Richard Lippke grew up in Iowa and attended Iowa State University, where he received his B.A. in philosophy with distinction and was awarded memberships in Phi Beta Kappa and Phi Kappa Phi. He earned his M.A. and Ph.D. degrees in philosophy from the University of Wisconsin-Madison. While at the University of Wisconsin, he received a Charlotte W. Newcombe Doctoral Dissertation Fellowship from the Woodrow Wilson National Fellowship Foundation. He then taught for a year at Iowa State University before taking a Post-Doctoral Fellowship at the University of Florida. In 1984, he joined the faculty at James Madison University, where he taught through 2007. He was given the Madison Scholar award from the College of Arts and Letters in 2001 in recognition of his research accomplishments. In 2006, he was given the inaugural Distinguished Alumnus Award from the Department of Philosophy & Religious Studies at Iowa State University. In the summer of 2007, he was a Visiting Research Fellow at the Centre for Applied Philosophy and Public Ethics at Australian National University. He is currently a Senior Scholar in the Department of Criminal Justice, Nelson Poynter Scholar at the Poynter Center for the Study of Ethics and American Institutions, and Adjunct Professor of Law at Indiana University.

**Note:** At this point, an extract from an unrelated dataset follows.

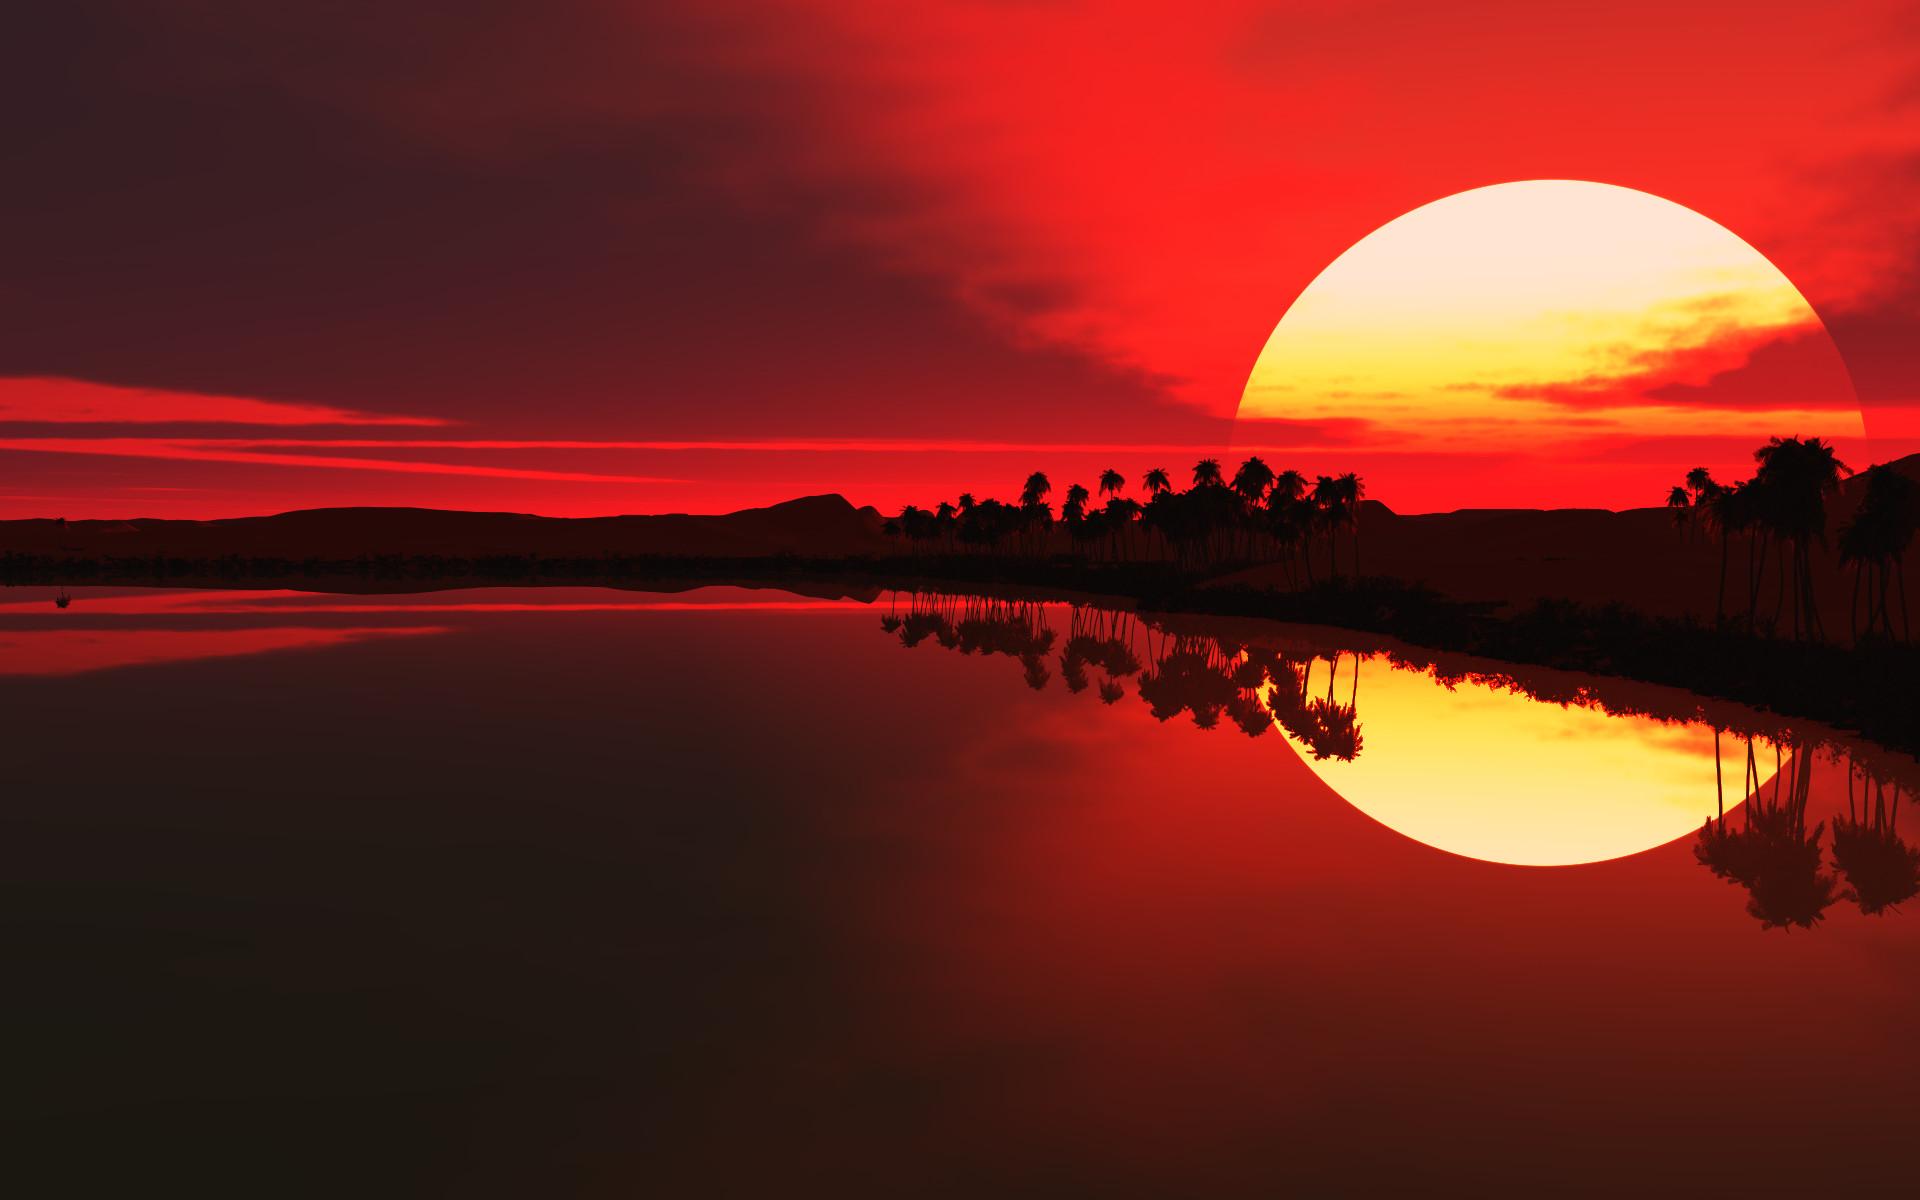 Red sunset artwork

Dr. Lippke has published two books (Radical Business Ethics, Rowman and Littlefield, 1995, and Rethinking Imprisonment, Oxford University Press, 2007) and thirty-five articles in academic journals. In his research, he employs moral and political theories, in conjunction with empirical and legal research, to analyze social and public policy issues. As an applied moral and political philosopher, he is interested in normative questions concerning the design of legal and social institutions and the actions of individuals living under them.

Dr. Lippke’s work in business ethics on topics such as persuasive advertising, insider trading, and employee privacy has been widely reprinted in business ethics textbooks. His more recent work on the philosophy of criminal law encompasses such topics as felon disenfranchisement, prison labor, supermax prisons, the preventive detention of dangerous offenders, and the use of character evidence in criminal trials. He is currently working on a series of articles on the moral questions raised by the practice of plea bargaining. He plans to use his time at the Janet Prindle Institute for Ethics to develop his work on plea bargaining into a book.